The team had also built an in-house flaky test detection system, but it couldn't keep up. "We had an in-house solution so we know the cost of maintaining something like that, and clearly with the rate of CI flakiness we were encountering it wasn't working," said Yōu Wu, Senior Software Engineer for Infra. In late 2025, Descript made CI reliability a cross-team priority, with Infra leading and engineers from across the org pulled in.

AI Agents and Non-Engineers Are Opening PRs

The CI reliability Descript built with Trunk turned out to be a prerequisite for a shift the whole industry is navigating. Agents and non-engineers are now opening pull requests, and the infrastructure Descript already had in place is what keeps that workflow viable.

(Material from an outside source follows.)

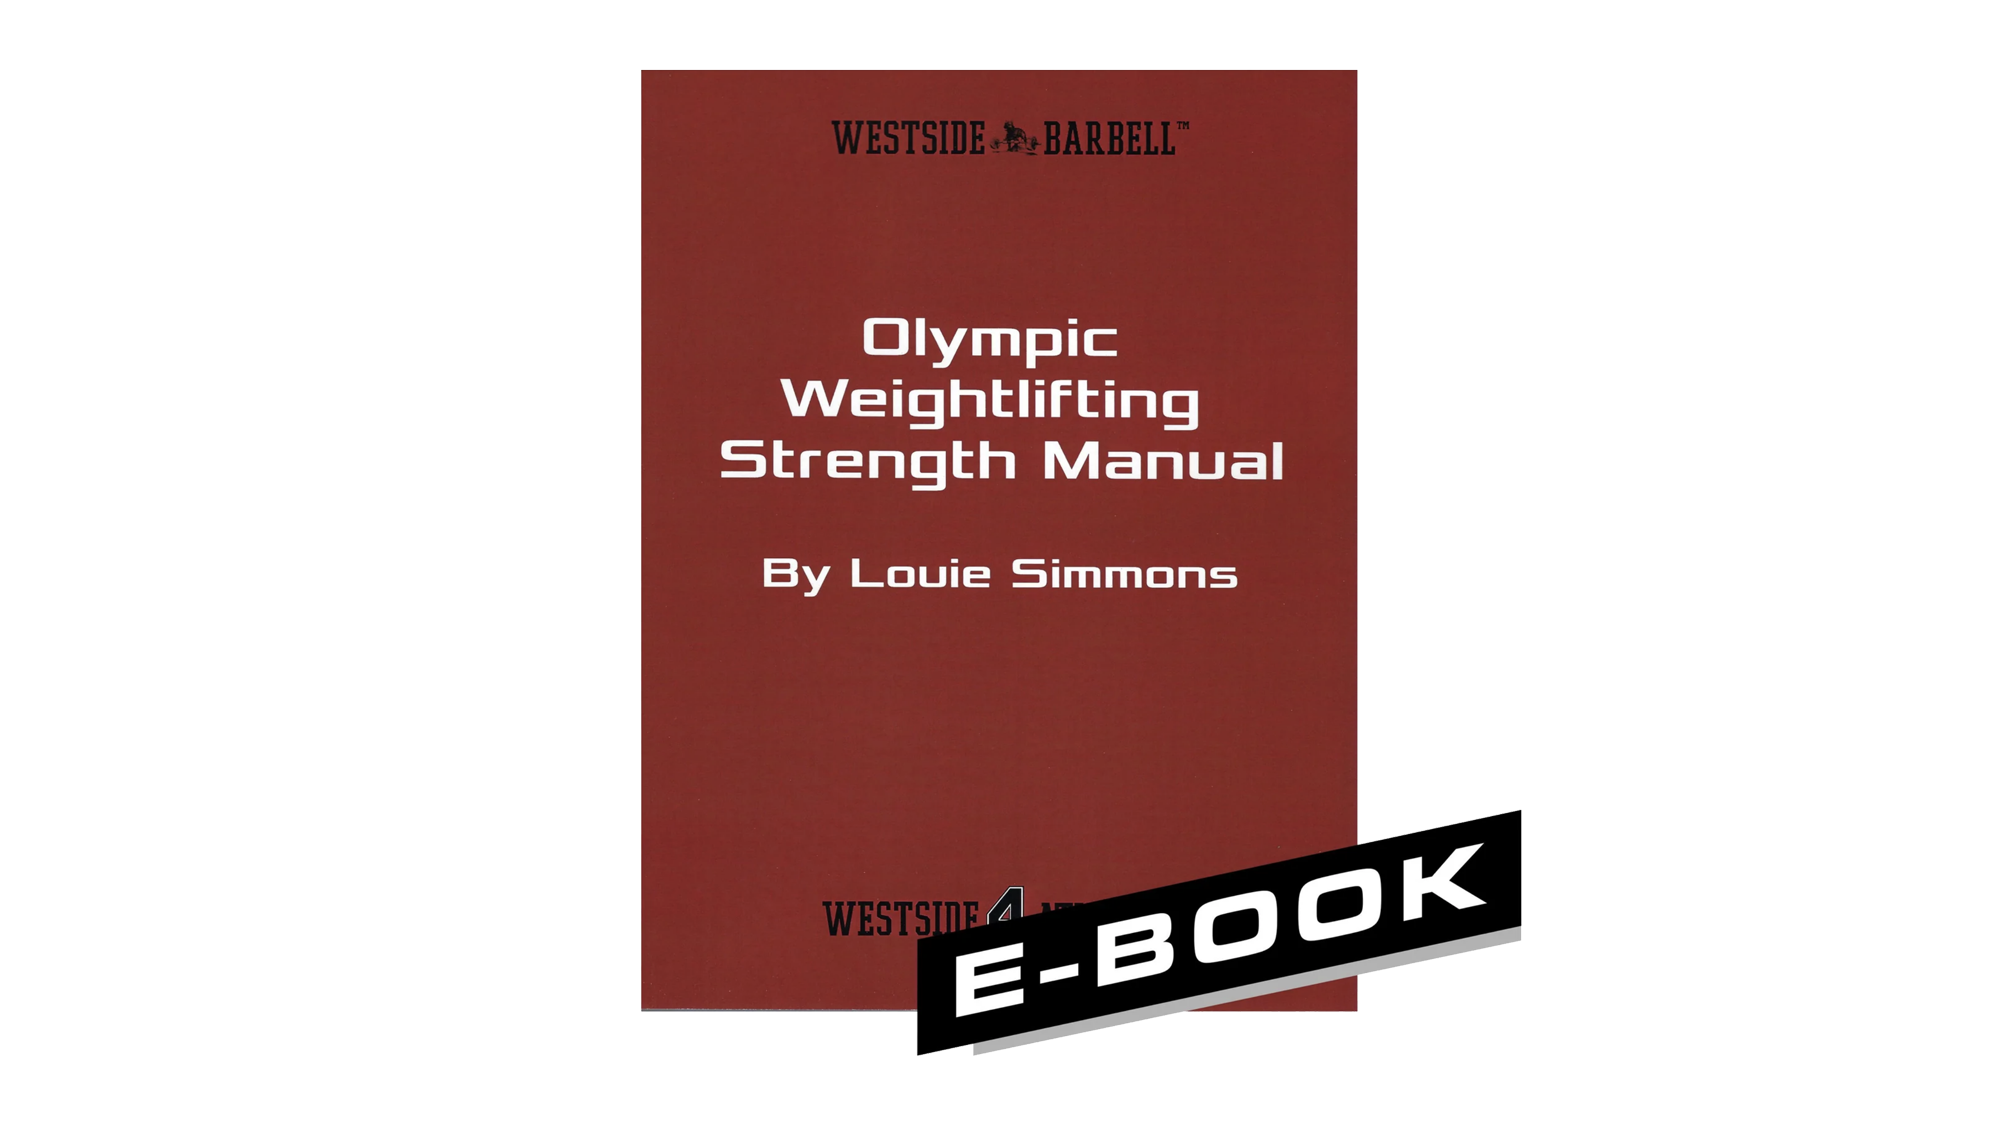 Olympic Weightlifting Strength Manual

"Agent-based PRs is more of a thing now. And also non-engineers opening PRs is a thing now," Roland said. "So CI reliability has become extremely important, and our CI has scaled to meet that demand."

When a seasoned engineer gets a flaky failure, they rerun and move on, but when an agent or non-engineer gets one, the signal is just noise they can't debug. CI has to be trustworthy or it's irrelevant. Because Descript had already built a reliability layer with Trunk, the team didn't have to scramble when PR traffic shifted.

Today, a substantial share of PRs merged through Descript's queue originate from agent-assisted workflows. Every one runs against the same test suite and passes through the same merge queue. Without auto-quarantine catching flaky failures, that volume would generate a noise level no two-person platform team could triage manually.

What Mattered During Eval

Before committing to Trunk, Yōu ran a structured evaluation against half a dozen alternatives: third-party hosted tools, self-hosted open-source options, Buildkite's test engine, and continuing to build in-house. She assessed each across seven capabilities including hosting model, monorepo support, dashboards, team notifications, and cost.

Three requirements eliminated most of the field. First, monorepo support. Descript runs over 150,000 test cases in a single repo, and most alternatives couldn't categorize test suites by package or group them into one run per repo. Second, hosted infrastructure. Some open-source options offered strong dashboards but required self-hosting on Kubernetes, which meant more infrastructure for a lean platform team to maintain. And third, cost that scales. One alternative charged per test after a small free tier, and at Descript's volume that math doesn't close.

Trunk checked the most boxes: hosted, monorepo-native, dashboards, team notifications via Slack, and transparent pricing. What also helped was responsiveness. "It helped that y'all opened a Slack channel, so the feedback loop was always short," Yōu said.

“
"We are a pretty lean team so the philosophy is we will buy if this is not related to our core offering to external customers"
Yōu Wu, Senior Software Engineer, Descript

The Budget: "The Math Is Easy"

"Having transparent pricing is great, a lot of competitors are very opaque about it," Yōu said. At Descript's scale, the annual contract came in at a fraction of what a single engineer would cost to maintain the equivalent tooling.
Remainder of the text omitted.